Exercise brief.
Where the data below contains pictures, omit them; output the rest word for word.

++++ Given material

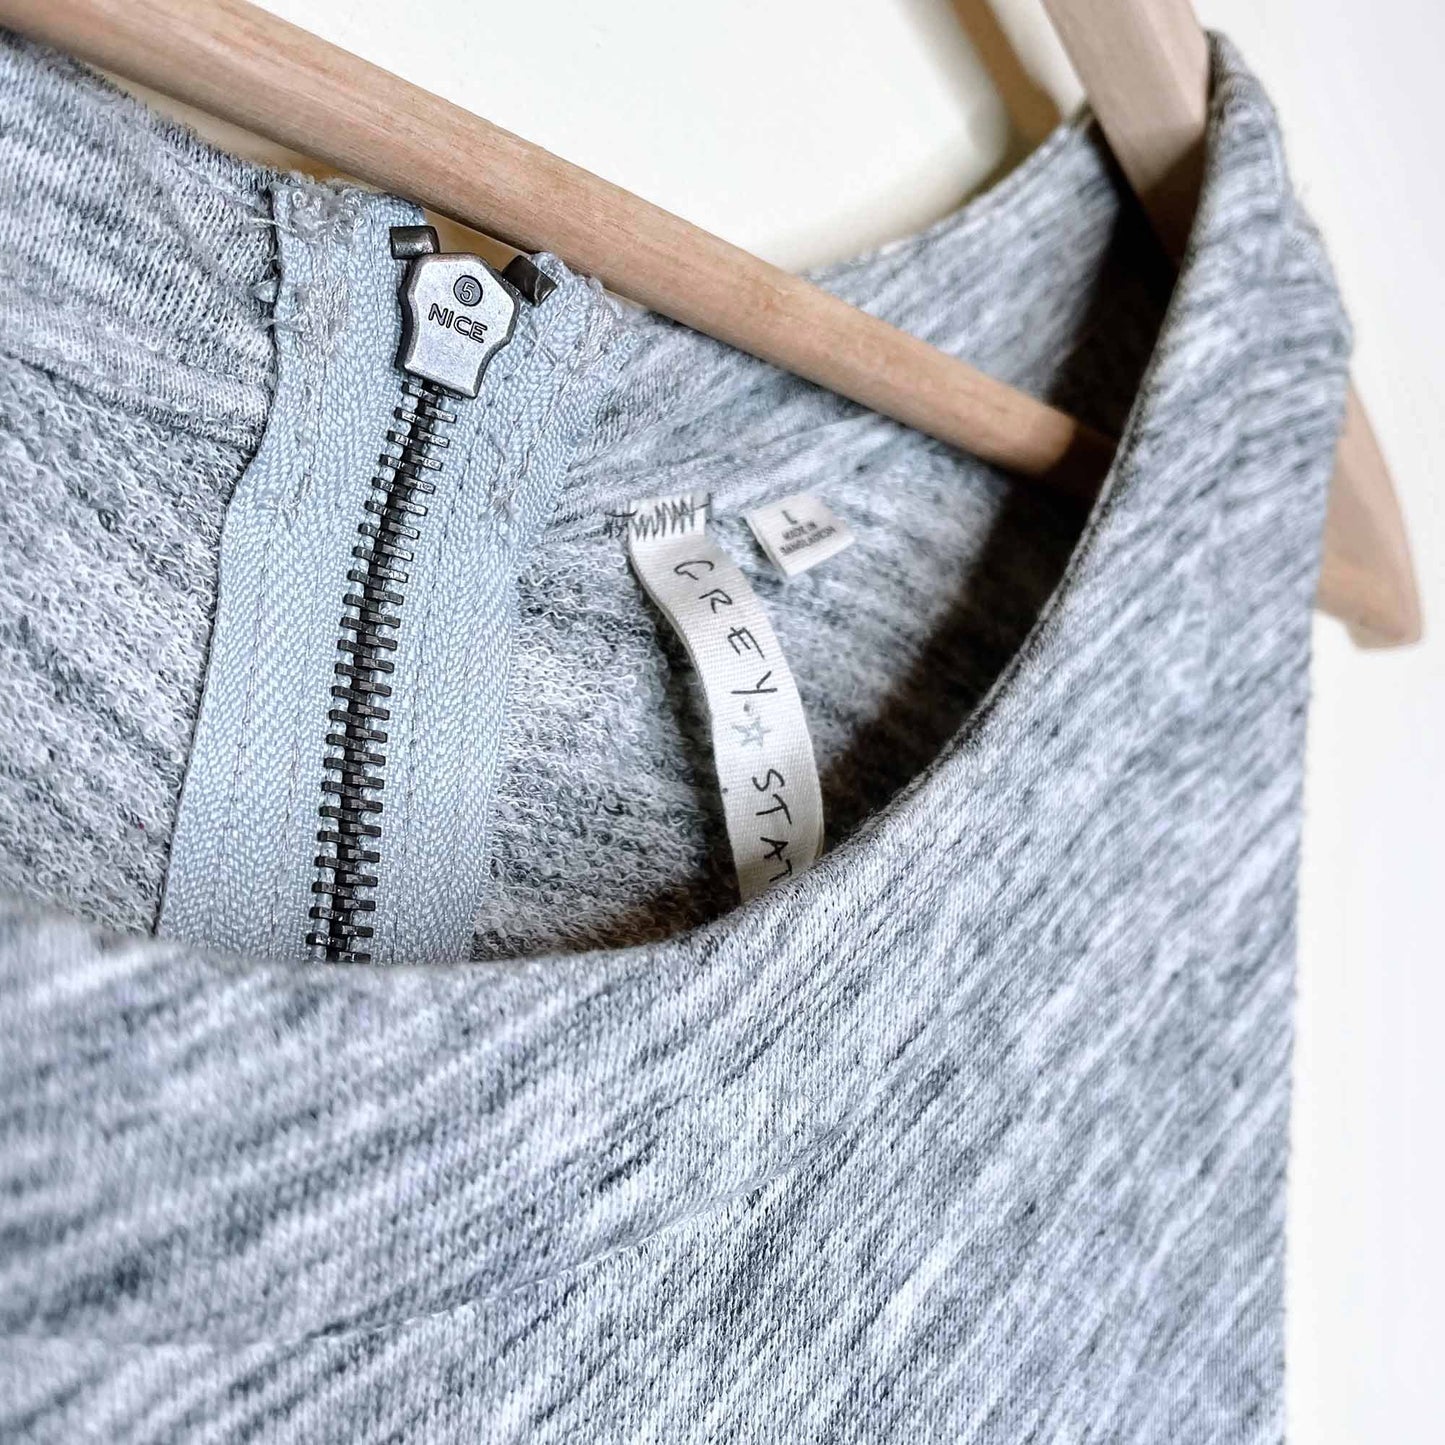 grey state apparel heather melange high neck summer dress - size large
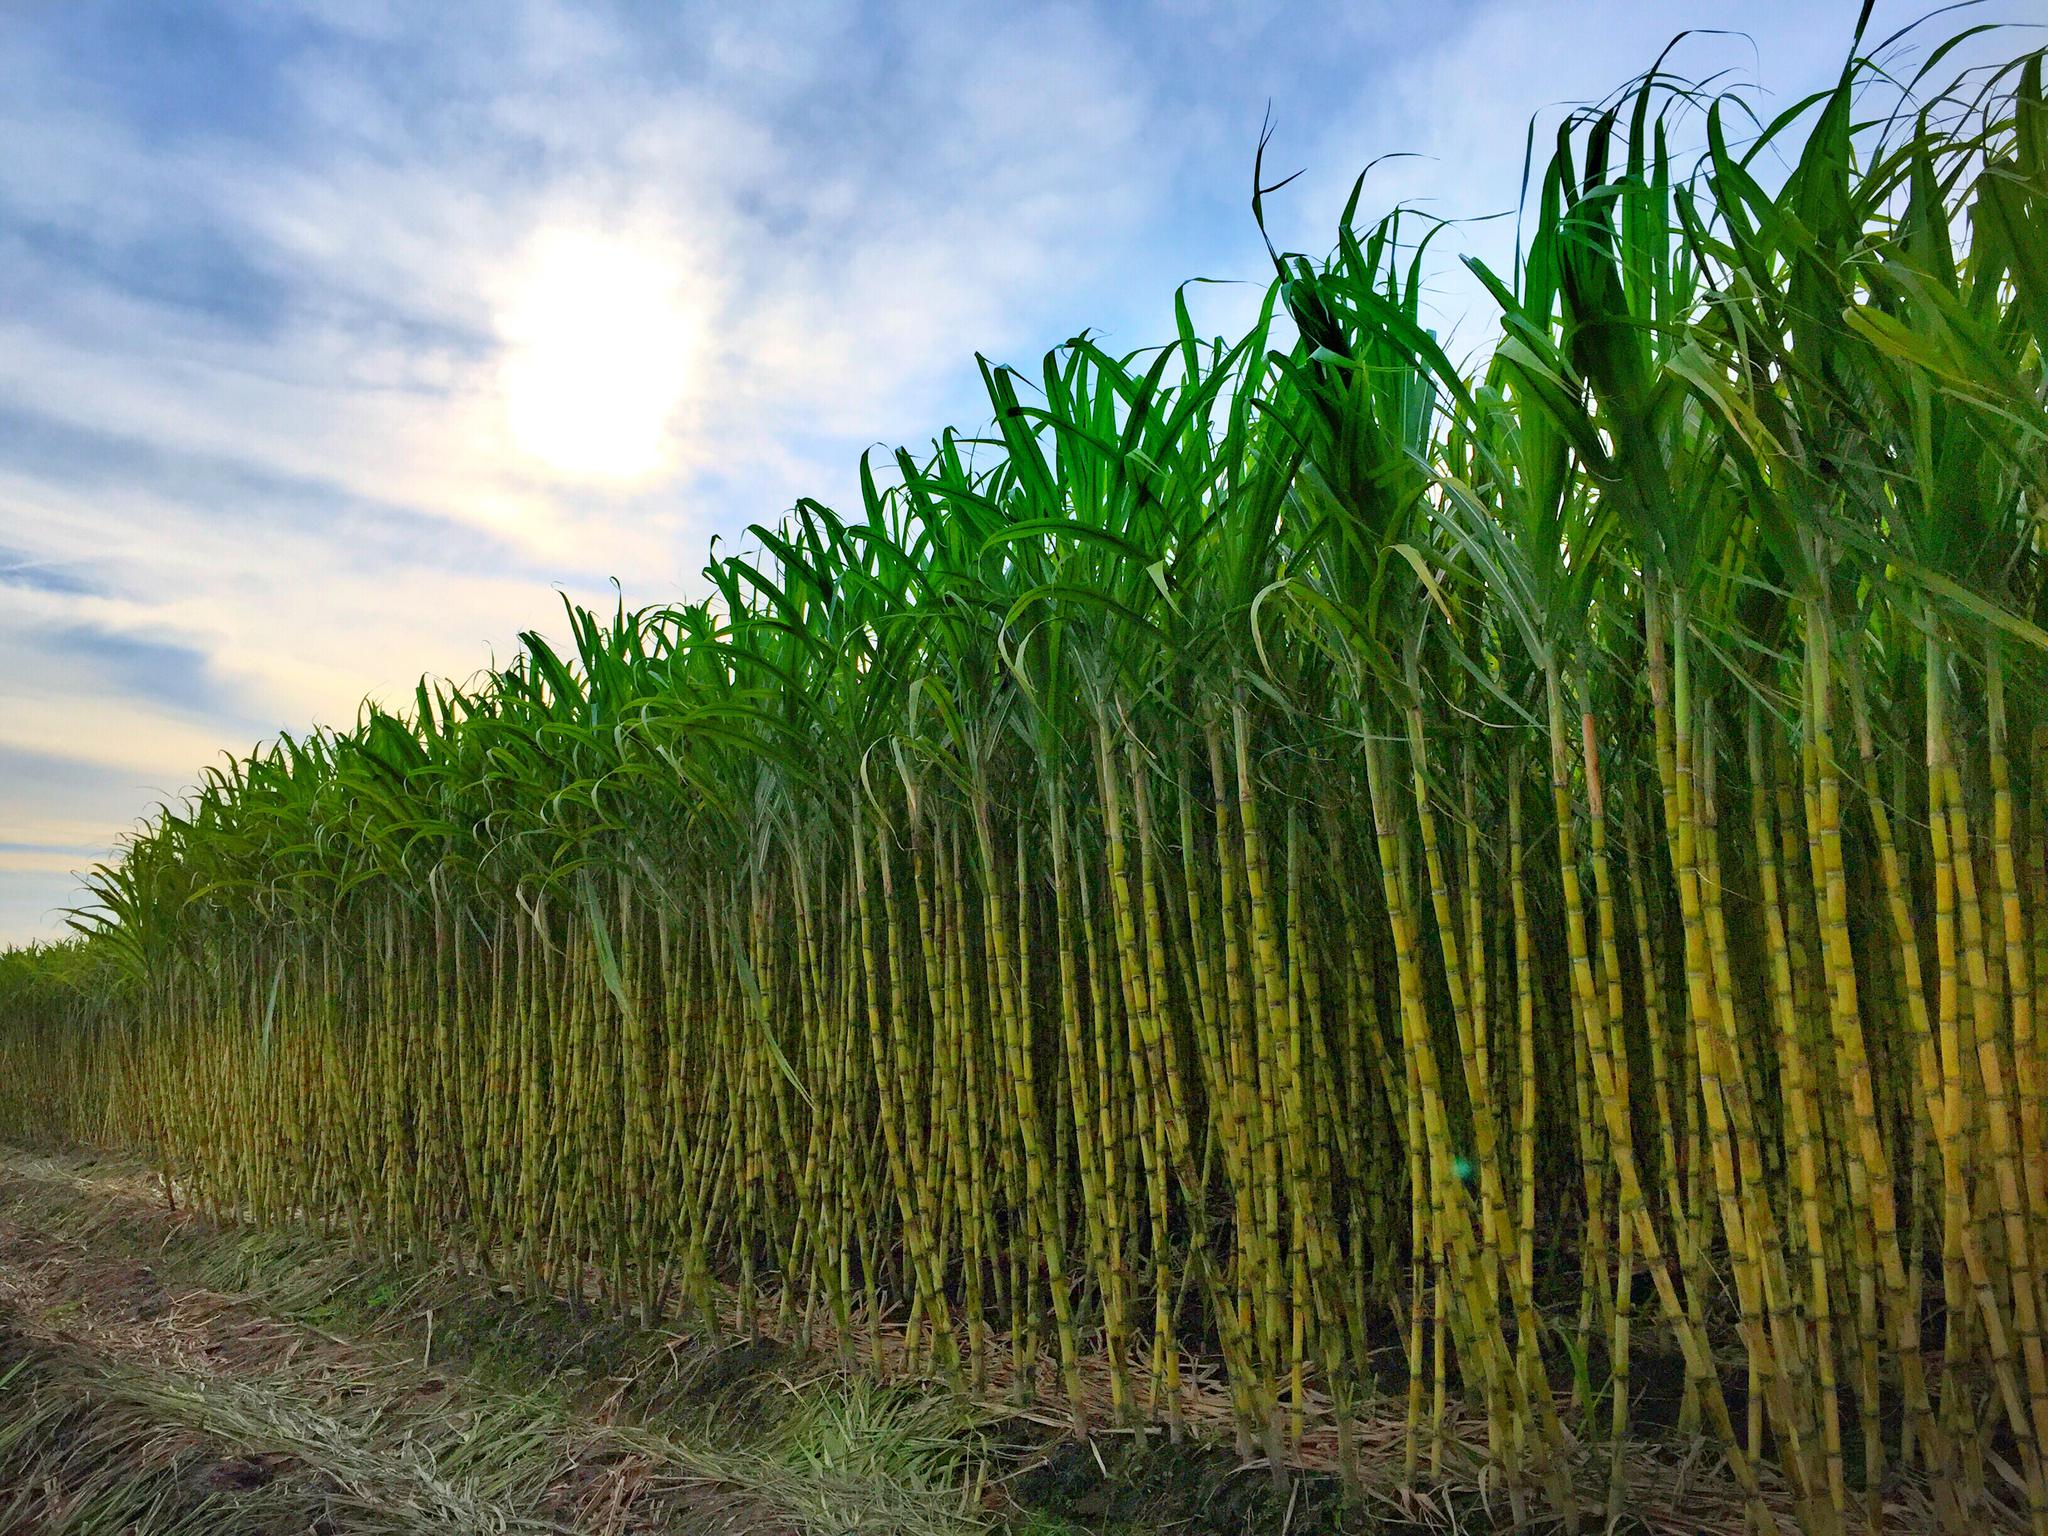 甘蔗高产栽培技术:选种是关键 
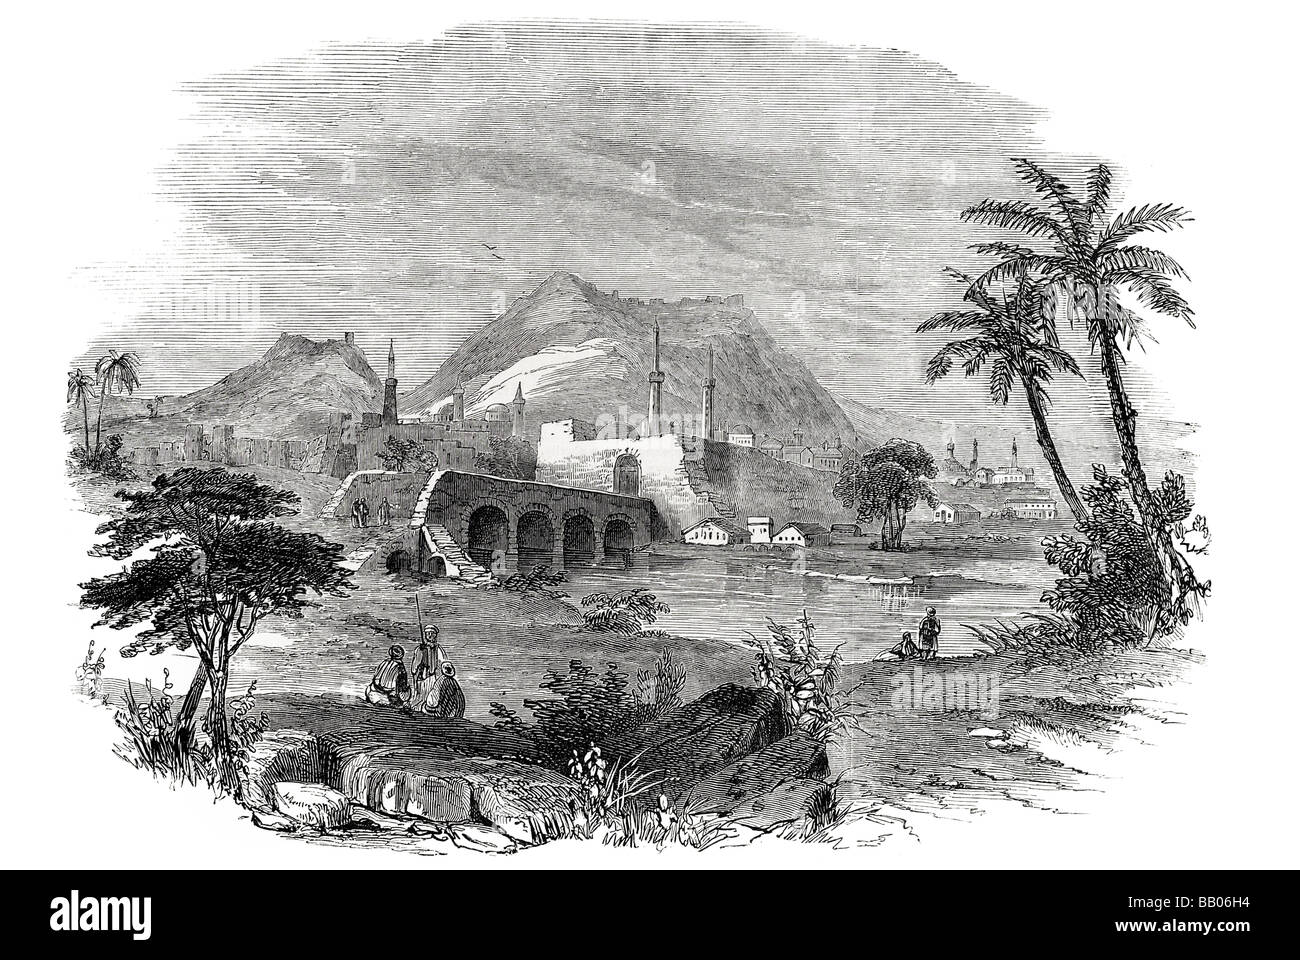 Antioche la vallée de l'Oronte l'euphrate route de l'Inde mosquée construction de pont désert montagneux palmier arbustes ruine Banque D'Images

++++++++

Response box.
 grey state apparel heather melange high neck summer dress - size large
 甘蔗高产栽培技术:选种是关键 
 Antioche la vallée de l'Oronte l'euphrate route de l'Inde mosquée construction de pont désert montagneux palmier arbustes ruine Banque D'Images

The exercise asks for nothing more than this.